> [Raw data]:

----------------------------------------

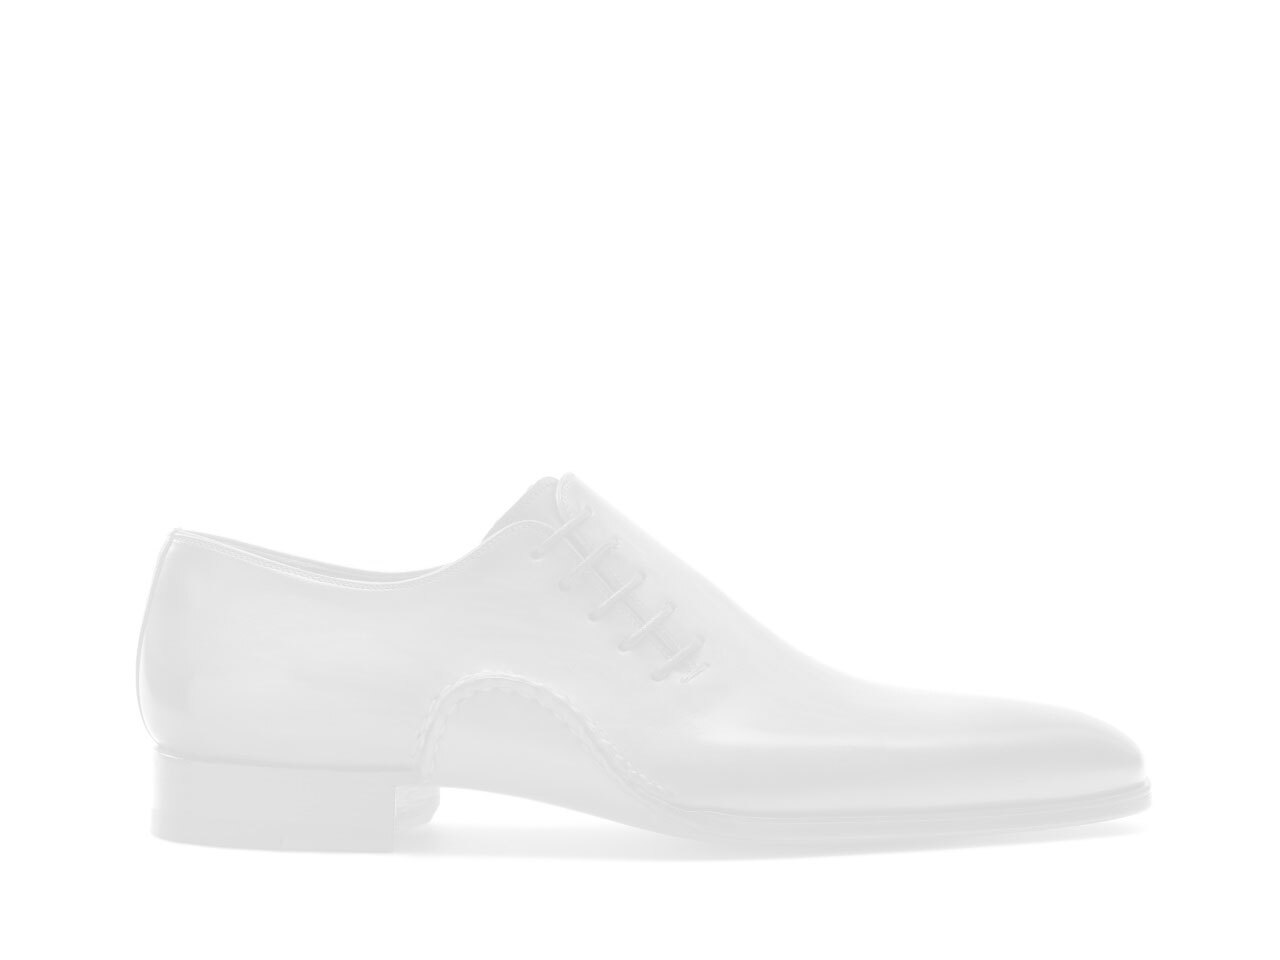 Pair of the Magnanni Quesada Navy Men's Driving Shoes
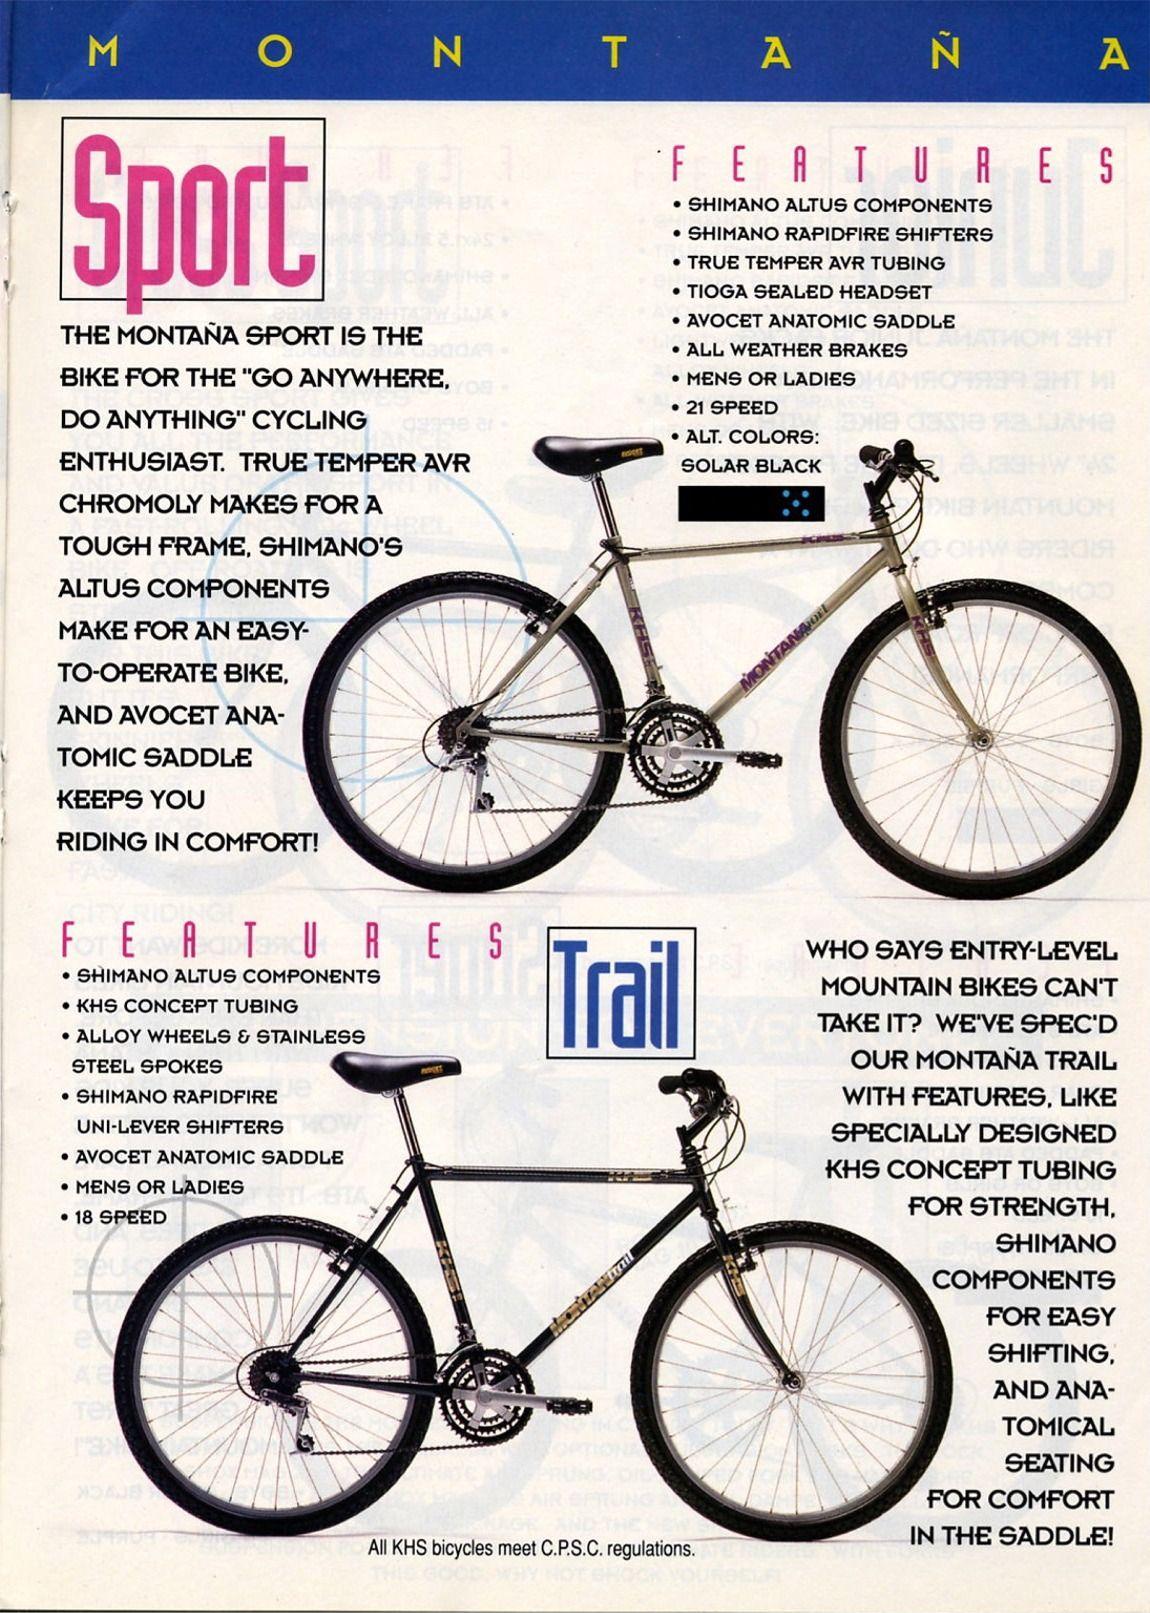 1993 Khs Bicycles Catalog Bicycle Tioga Altus
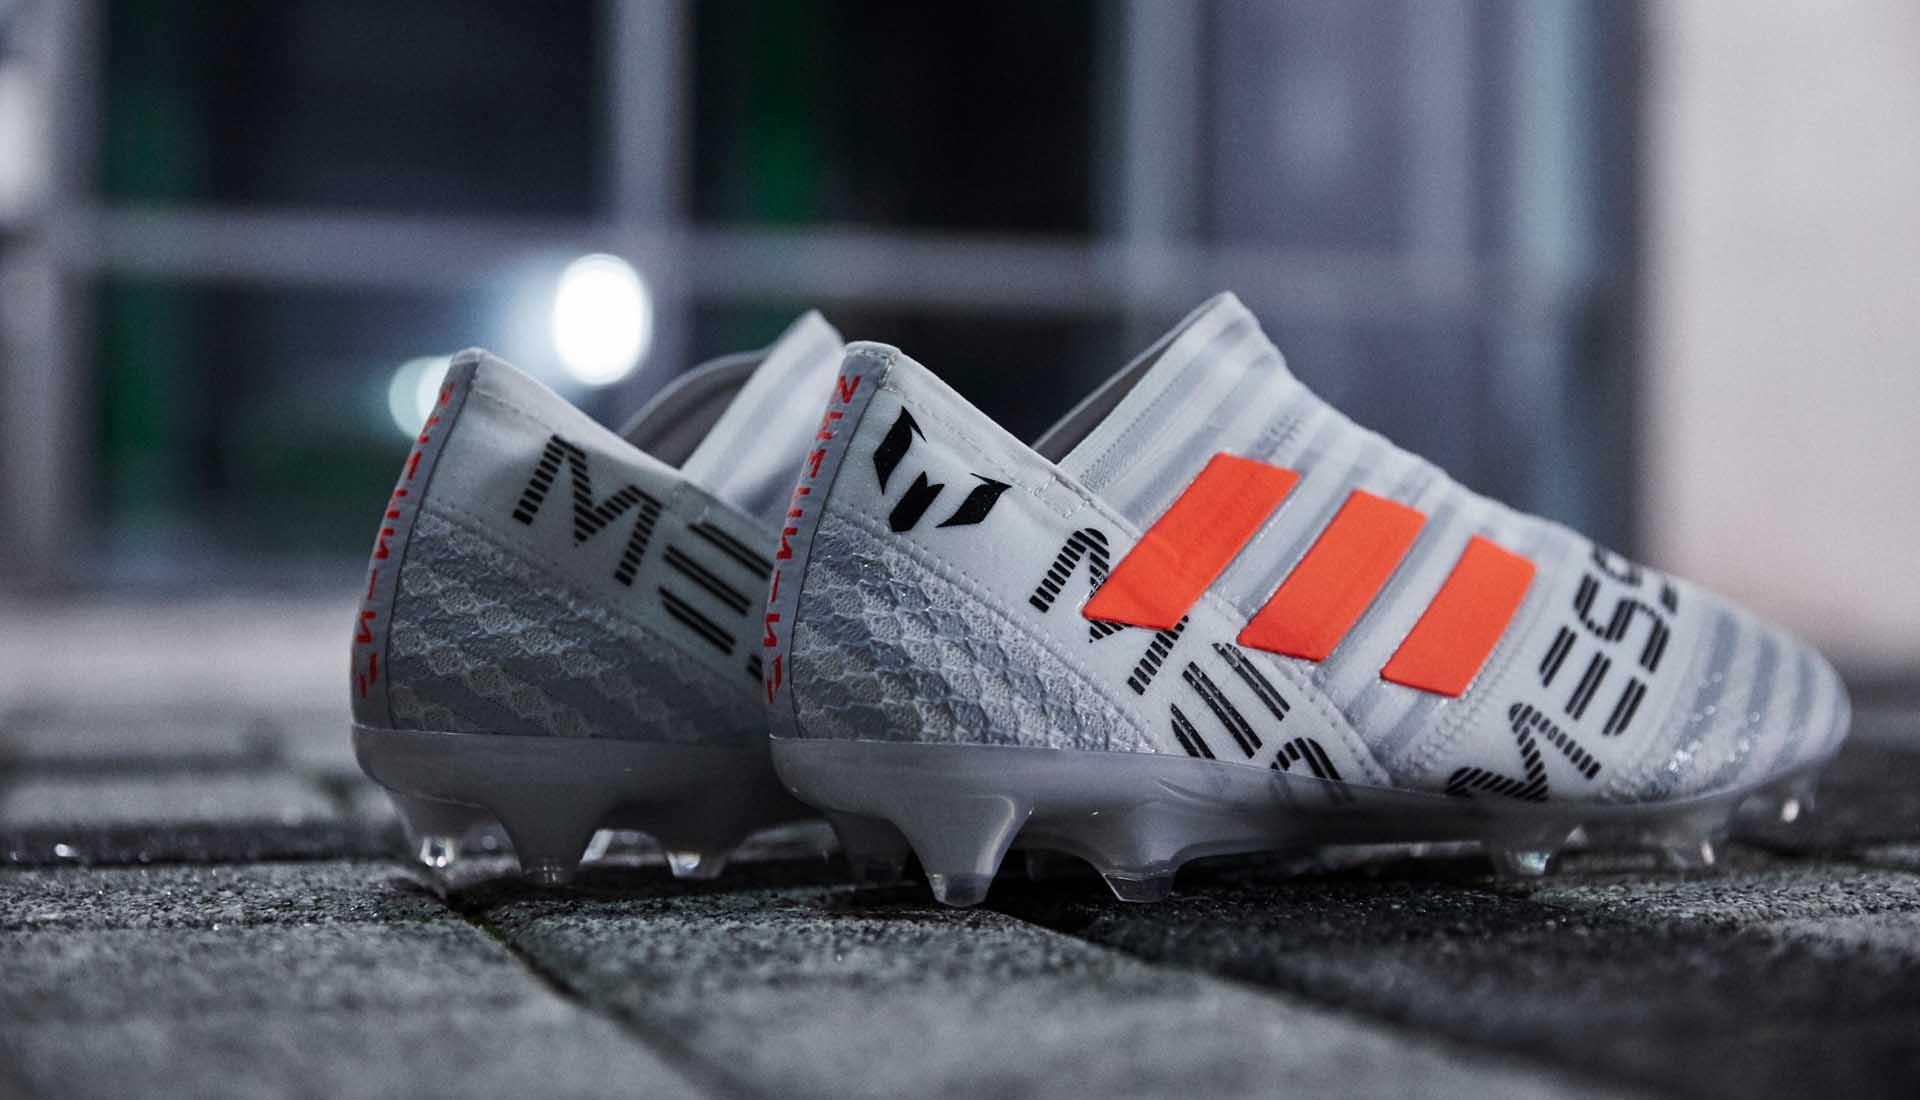 chaussure-adidas-football-nemeziz-messi-pyro-storm-octobre-2017-4
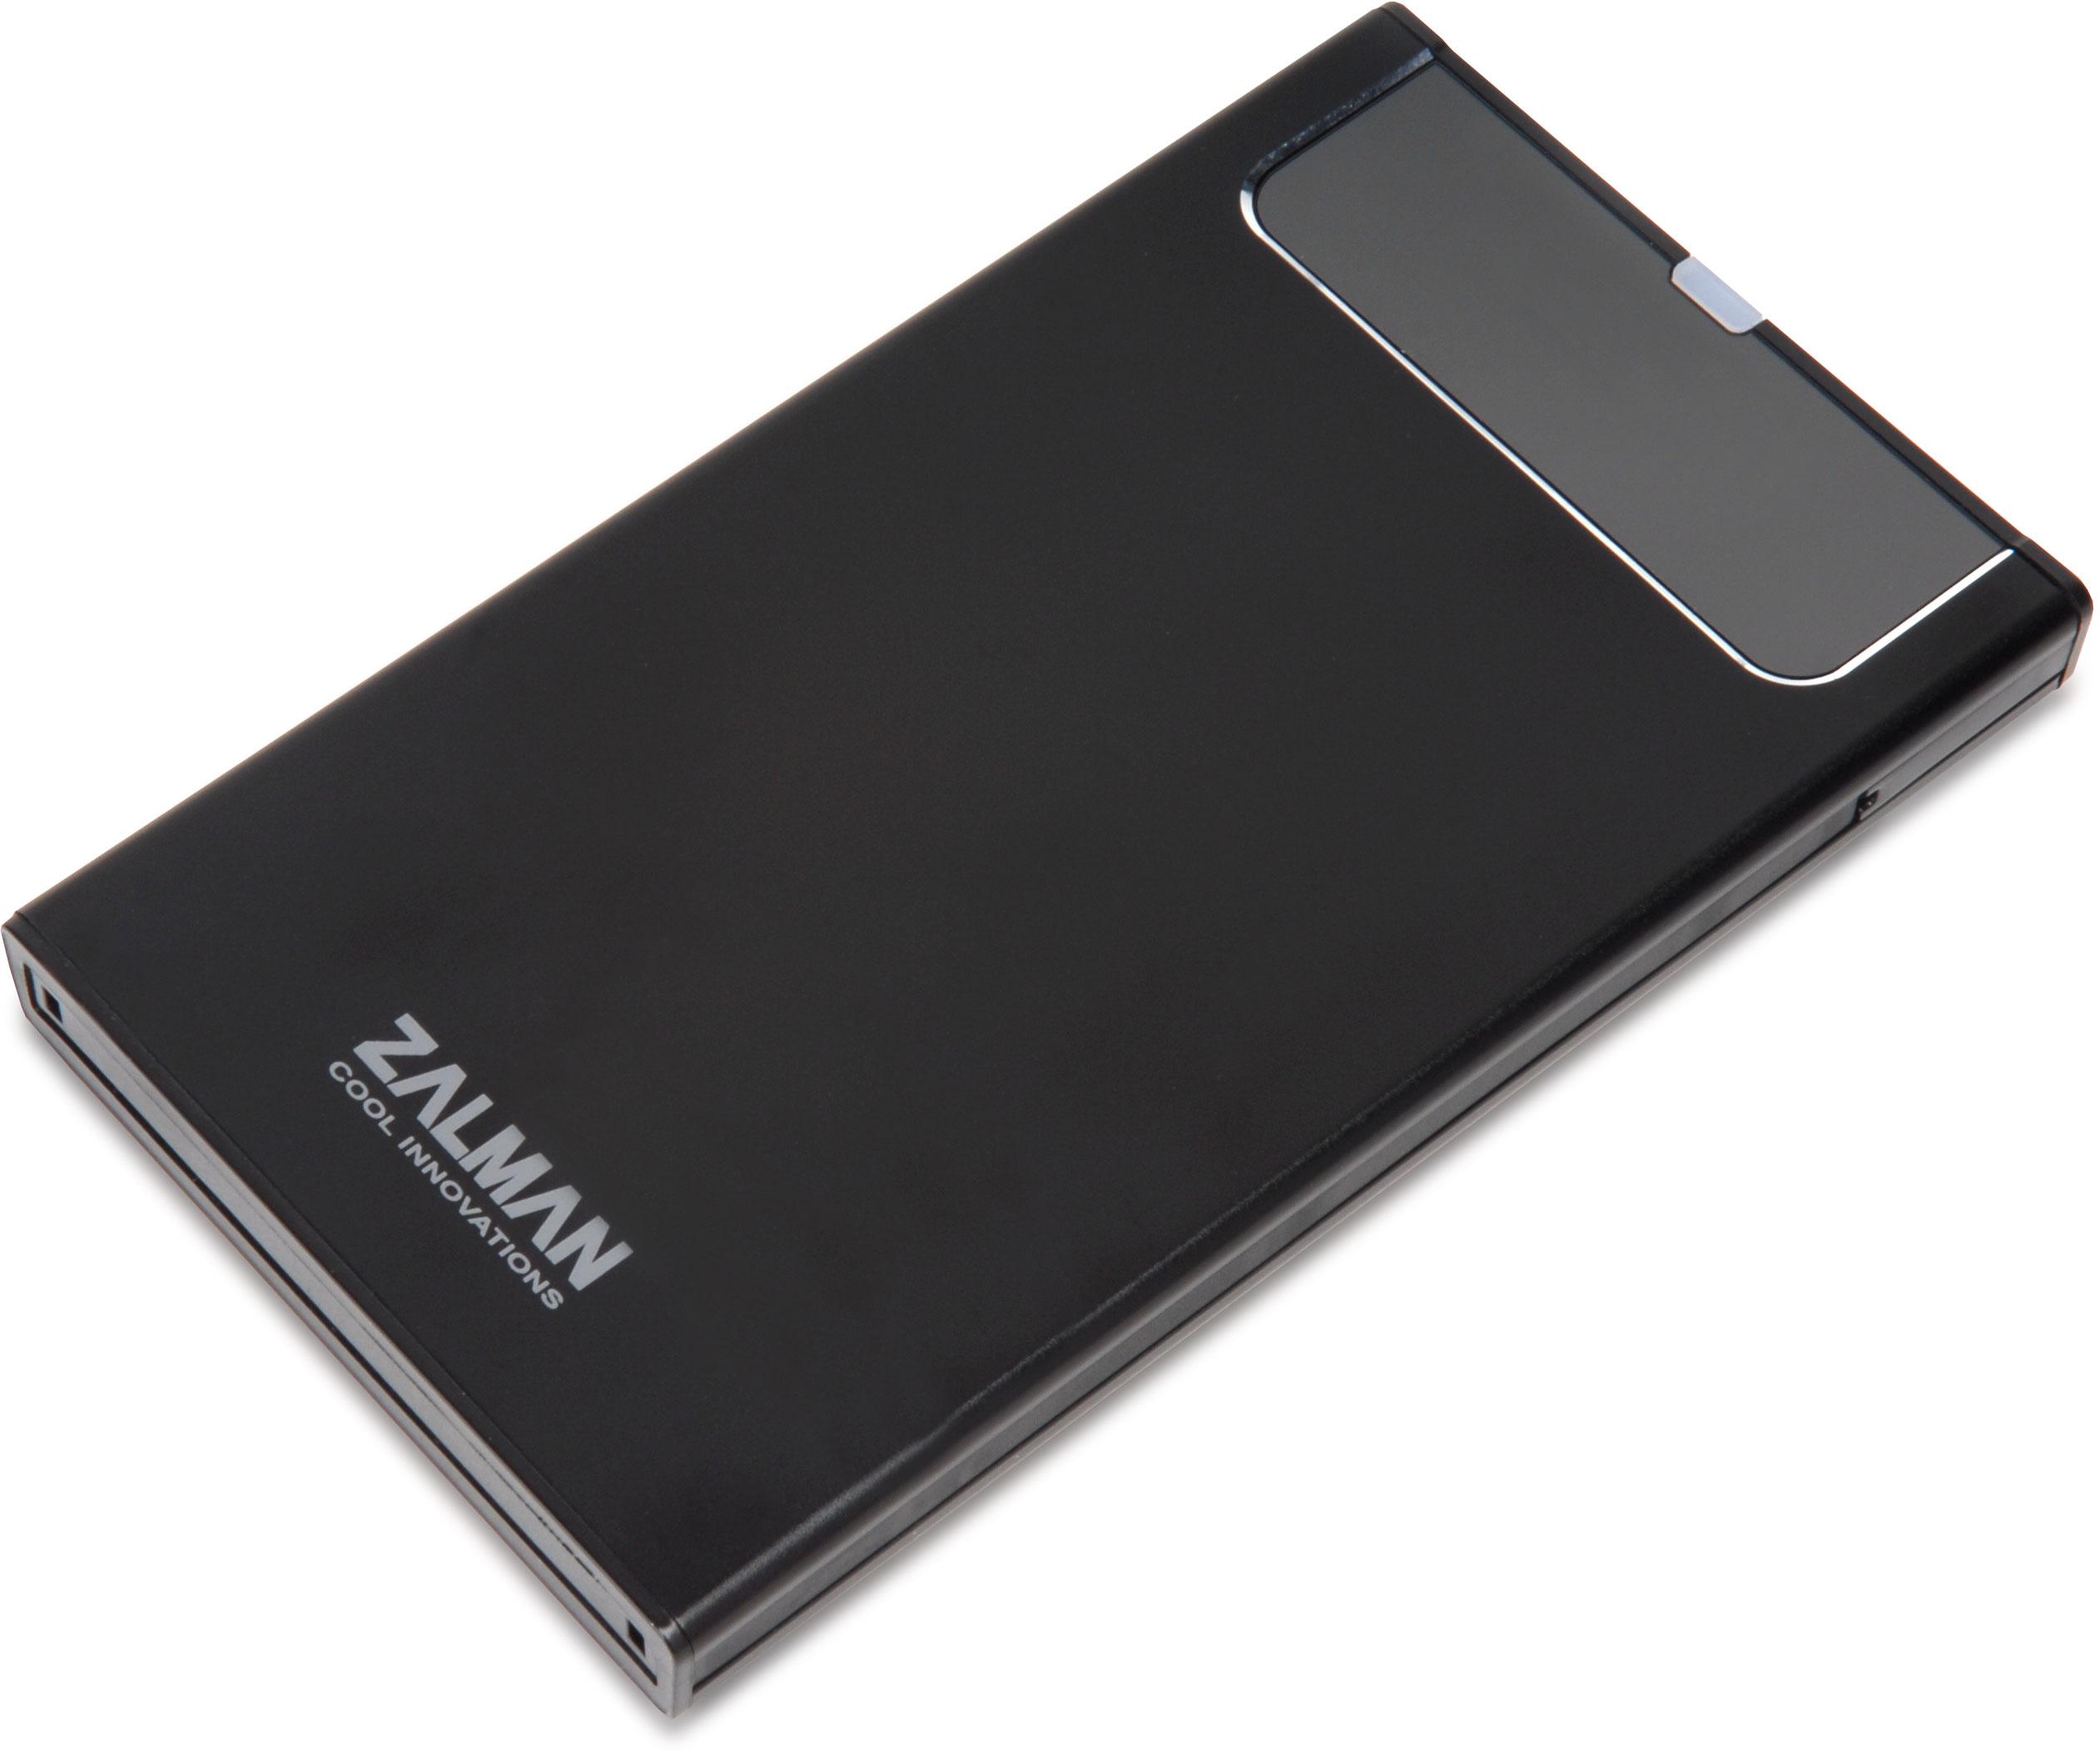 Zalman ZM-HE130 External HDD Drivers for Mac

----------------------------------------

> [What you are asked to do]:
Once the pictures are dropped, repeat the data above exactly.

> [Your response]:
 Pair of the Magnanni Quesada Navy Men's Driving Shoes
 1993 Khs Bicycles Catalog Bicycle Tioga Altus
 chaussure-adidas-football-nemeziz-messi-pyro-storm-octobre-2017-4
 Zalman ZM-HE130 External HDD Drivers for Mac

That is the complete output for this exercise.